Buying and Selling

買賣 - Buy and sell in Chinese

The words for to buy and to sell are very similar in Mandarin: 買 [买] (mǎi) [maɪ˦˩˧] = buy and 賣 [卖] (mài) [maɪ˥˩] = to sell. In Cantonese the characters are the same, but are pronounced maai5 [maːi˩˧] (buy) and maai6 [maːi˨] (sell) [source]. The only difference between them is in the tones, and they are easily confused by learners. Do native speakers ever mix them up?

The character 買 combines 网 (wǎng – net) and 貝 (bèi – shell, cowrie) [source], and 賣 combines those elements plus 出 (chū – go out), which became reduced to 士 (shì – soldier) over time [source].

If you put these two characters together: 買賣 [买卖] (mǎimài) it means business, shop, store or deal [source].

Do any other languages have words for buy and sell that are so similar?

Buying and selling both involve an exchange of goods or services. The only difference is in the direction of the exchange. I might sell something to you, or buy something from you, while you might sell something to me, or buy something from me.

The same is true of other pairs of words such as borrow and lend. The one you use depends on the direction of the exchange: I borrow from you, and you lend to me. Teach and learn are also similar: You teach me, and I learn from you, or I teach you, and you learn from me. Although in some varieties of English learn is used to mean learn and teach.

In Welsh the word dysgu means to learn and to teach, and benthyca means to borrow and to lend. The word addysgu, means to teach, but it isn’t used much in colloquial Welsh [source].

Are there any other languages that don’t make a distinctions like this?

Is there a linguistic term for word pairs like this?

7 thoughts on “Buying and Selling

  1. I don’t think it is necessary for pairs like give–take, sell–buy, lend–borrow etc. to have two different verbs at all. Using directional indicators (prepositions to–from, grammatical case, or some other device) to distinguish them does pretty much the same job. Remember that “lend” and “borrow” are one word in Mandarin Chinese (借, jiè), most varieties of German (“leihen” and less frequently “borgen” depending on dialect), and many English dialects (often “lend” but “borrow” in the Upper Midwestern US and in Malaysia, according to Wiktionary).

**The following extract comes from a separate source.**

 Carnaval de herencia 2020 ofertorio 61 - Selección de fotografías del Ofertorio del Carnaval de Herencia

    The tone of Standard Chinese 買/买 mǎi should be [maɪ˨˩˦] — it is essential that it starts rather low-pitched —, and 買賣/买卖 is pronounced mǎimai with the second syllable in the neutral tone, though in the “deal/transaction” sense some Mandarin speakers do say mǎimài.

  2. In French apprendre can mean both teach and learn. If you want to disambiguate you can say enseigner for teach. Likewise prêter can mean both lend and borrow.

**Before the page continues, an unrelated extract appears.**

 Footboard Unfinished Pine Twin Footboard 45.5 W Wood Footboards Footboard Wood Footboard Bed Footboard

  3. In Gaelg (Manx Gaelic), gynsaghey means both ‘teach’ and ‘learn’, as in French. However, there is a distinction between ‘teacher’ (ynseyder) and ‘learner’ (ynseydagh).

  4. The lack of distinction between teach:learn does exist in some English dialects of northern England, e.g. Geordie (Tyneside English):

    “For instance, when a Geordie uses the verb larn, meaning ‘to teach’, it is not a misuse of the Standard English verb learn (c.f. modern German lernen), rather it is the modern reflex of the Anglo-Saxon verb læran, meaning ‘to teach’”

  5. In Spanish lend and borrow are a bit like this. To lend = prestar; to borrow “pedir prestado”- the latter meaning “to ask (to be) lent” .

  6. In Esperanto ‘pruntedoni’ mean ‘lend and ‘pruntepreni’ means ‘borrow’.

    I have often heard, but never seen in print ‘prunteŝteli’ meaning both – but with the hint that the borrowed / loaned item will not be returned.

  7. As I native speaker of Cantonese, I don’t recall encountering situations where people confuse 買 and 賣. But on a related topic, there is a tendency for some people in Hong Kong to mispronounce certain words that are of tone 3 as tone 5… e.g. mispronouncing 舍 as 社 (I often heard people on HK radio shows saying, unwittingly, that they stayed at travel agencies(旅社) while backpacking!) or 使 as 市. BTW Simon, it was nice meeting you at the Polyglot Gathering this year!